Die Dattelner Steine sind Teil des größten dezentralen Mahnmals der Welt.

 

Auch in Datteln hat der Kölner Künstler Gunter Demnig, dessen Atelier sich seit 2011 in Frechen b. Köln befindet, diese Steine ins Pflaster eingelassen. Zweimal ist er nach Datteln gekommen und hat hier seine Steine verlegt: am 6. Dezember 2011 hat er acht Steine gesetzt, die an die Familien Hecht (Am Tigg 9) und Löwenberg (Marktstraße 5 und 13) erinnern, am 6. Dezember 2012 hat er weitere 12 Steine gesetzt, die an die Familien Goldberg (Carl-Gastreich-Straße 6), Rosenbaum (Mittelstraße 18) und Louis Löwenberg (Münsterstraße 13) erinnern. Die Aktion wurde durch Spenden finanziert.

 

Über STOLPERSTEINE sollen Menschen mit dem Kopf und mit dem Herzen stolpern.“

 

„Für mich sind Stolpersteine zentraler Bestandteil der Erinnerungskultur“, sagt Theodor Beckmann, Vorsitzender des Dattelner Heimatvereins. Mit den Steinen vor den Häusern wird die Erinnerung an die Menschen lebendig, die einst hier wohnten. Auf den Steinen steht geschrieben: HIER WOHNTE... Ein Stein. Ein Name. Ein Mensch.

An der Carl-Gastreich Straße wohnten

  • Else Meyer geb. Goldberg Jg. 1878 – Ihr gelang die Flucht nach Australien, sie hat den Holocaust überlebt.

  • David Goldberg Jg. 1882 - Ihm gelang die Flucht in die USA, auch er hat dort den Holocaust überlebt.

  • Hedwig Goldberg geb. Rausenberg Jg.1894 – sie wurde 1942 nach Riga deportiert; sie wurde 1944 ermordet.

  • Berta Goldberg Jg. 1914 – sie flüchtete 1933 in die USA und hat dort überlebt.

  • Hans Goldberg Jg. 1915 – er ist in due USA geflüchtet und hat dort überlebt.

  • Charlotte Goldberg Jg. 1918 – auch ihr gelang die Flucht in die USA, sie hat dort ebenfalls überlebt.

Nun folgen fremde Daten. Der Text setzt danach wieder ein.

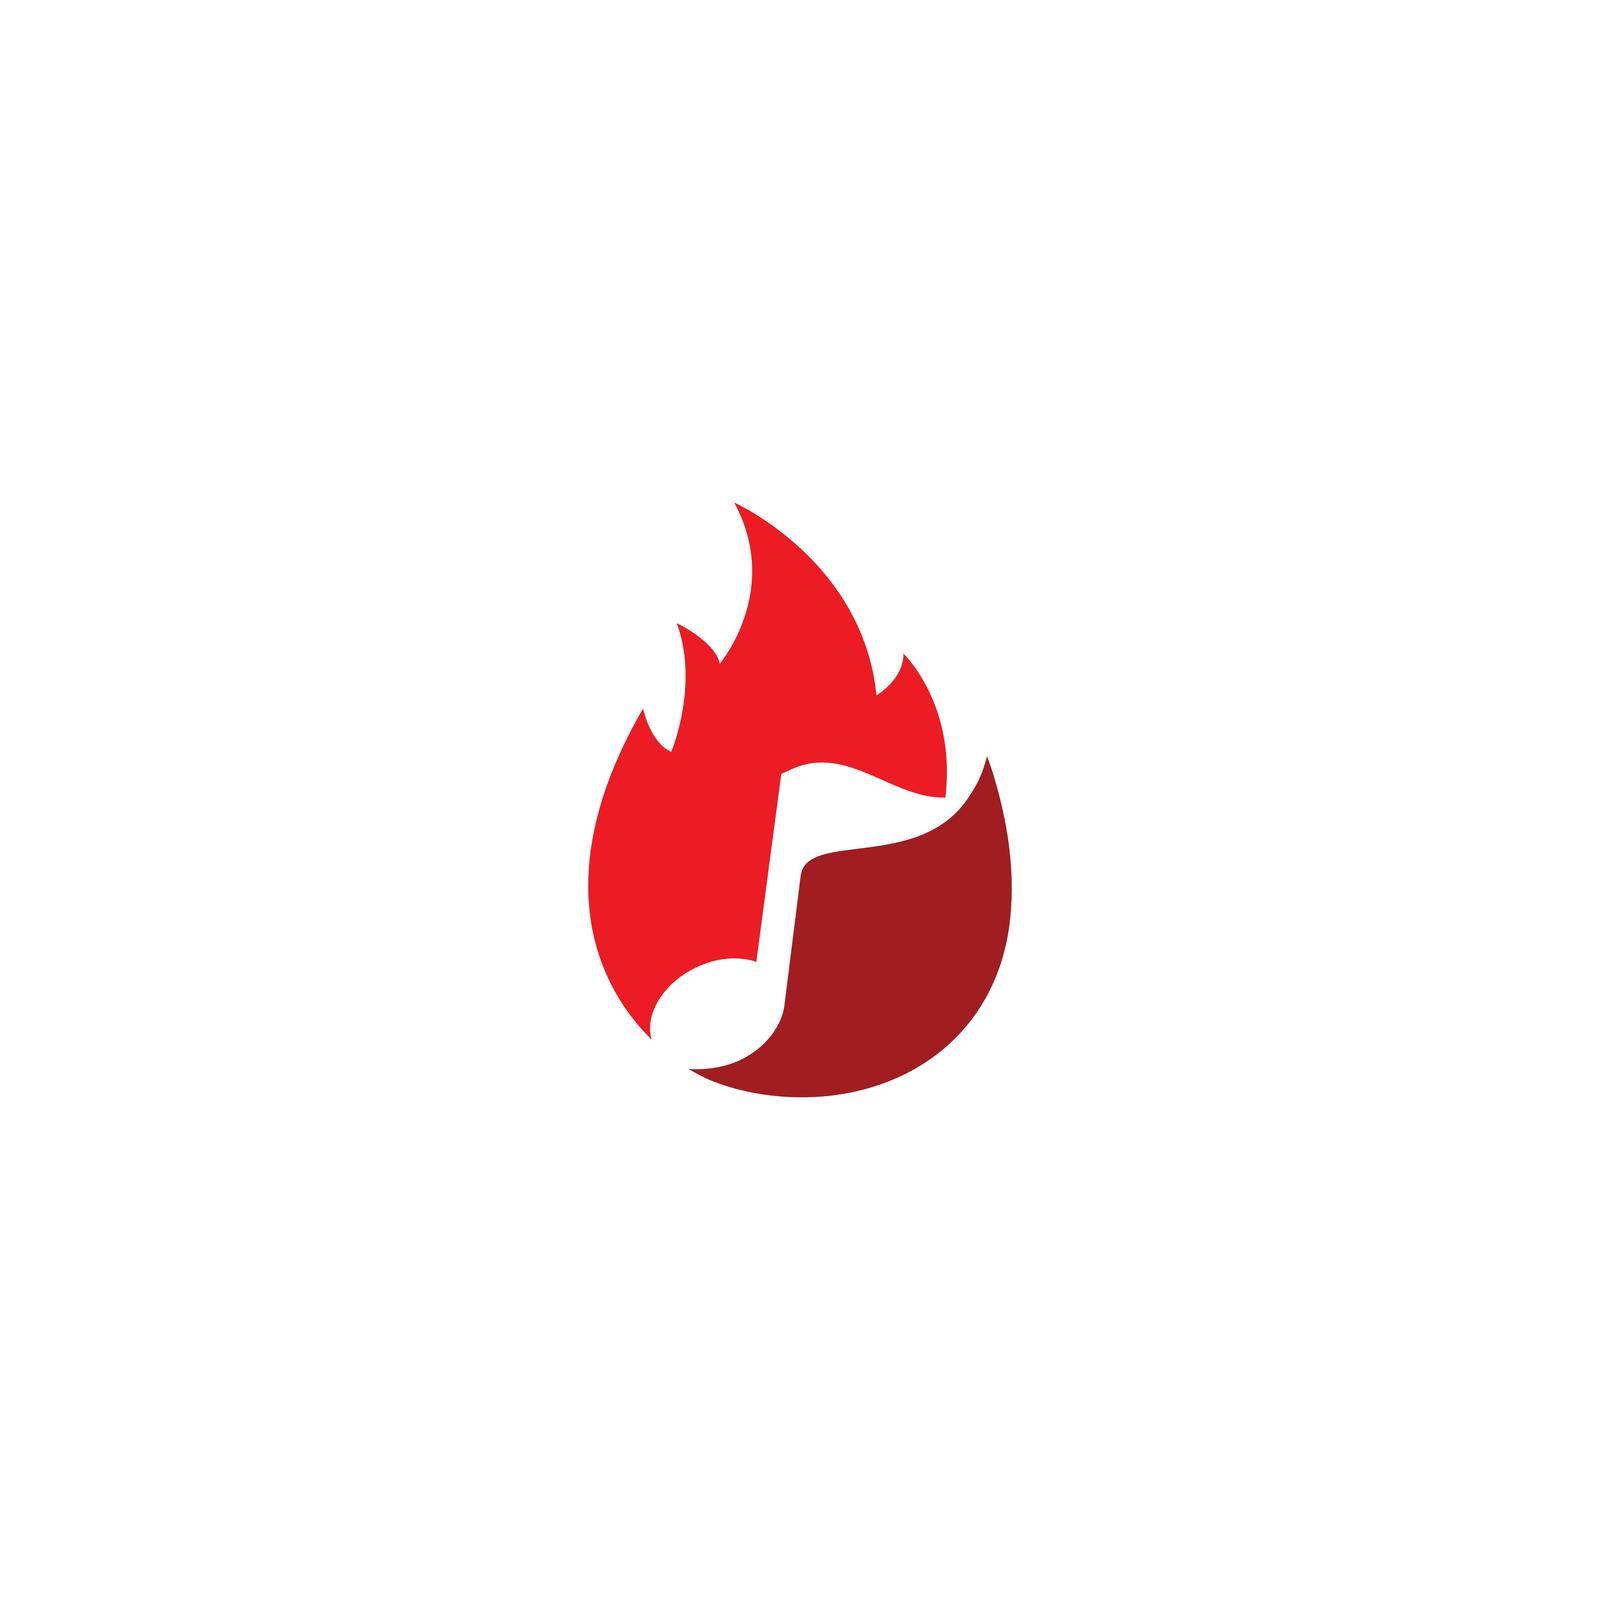 Hot Music logo by awk

(Nachfahren der Familie Goldberg leben heute noch in den USA und haben Kontakt zur Stadtverwaltung.)

 

Im Haus Marktstraße 5 wohnten

  • Karl Löwenberg Jg. 1879 -

  • Jenny Löwenberg, geb. Eichenwald Jg. 1894 -

  • Ruth Löwenberg Jg.1922 -

  • Hanna Ilse Löwenberg Jg. 1922 – alle Familienmitglieder wurden 1942 deportiert und in Riga 1944 ermordet.

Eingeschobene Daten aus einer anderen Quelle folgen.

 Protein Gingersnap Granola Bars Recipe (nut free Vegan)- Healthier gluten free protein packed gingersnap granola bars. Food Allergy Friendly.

Im Haus Marktstraße 13 wohnte

  • Josefine Löwenberg Jg. 1878 – sie wurde 1942 deportiert und 1944 in Riga ermordet.

 

 

 

 

 

 

 

 

 

 

 

 

 

 

 

 

Im Haus Mittelstraße 18 wohnten

  • Leopold Rosenbaum Jg. 1894 -

  • Hanna Rosenbaum geb Fuchs Jg. 1890 – das Ehepaar wurde ebenfalls 1942 deportiert und in Riga ermordet.

 

Im Haus Münsterstraße 13 wohnten

  • Louis Löwenberg Jg. 1886 -

  • Rika Löwenberg Jg. geb. Mosbach Jg. 1894

  • Walter Löwenberg Jg. 1923 -

  • Heinz Löwenberg Jg. 1925 -

Die Eltern wurden 1942 nach Riga deportiert und ermordet, den beiden Söhnen gelang die Flucht in die USA, sie überlebten dort den Holocaust.

 

 

Am Tigg 9 wohnten

  • Salomon Hecht Jg. 1862 – er wurde 1942 nach Riga deportiert und dort 1944 ermordet.
  • Henriette Hecht Jg. 1895 – sie wurde ebenfalls 1942 nach Riga deportiert und 1945 ermordet.
  • Adele Hecht Jg. 1897 – ihr gelang die Flucht nach Holland, wurde aber dort in Westerbork interniert, nach Auschwitz deportiert und dort 1943 ermordet.

 

 

 

An diese 20 Personen erinnern die in Datteln verlegten Stolpersteine. Sie stehen als Symbol dafür, dass wir sie nicht vergessen haben. Damit sind diese Steine in Datteln Teil des größten dezentralen Mahnmals der Welt.

 

Junge Frauen aus Japan, Südkorea, Spanien und Italien gedenken NS-Opfern.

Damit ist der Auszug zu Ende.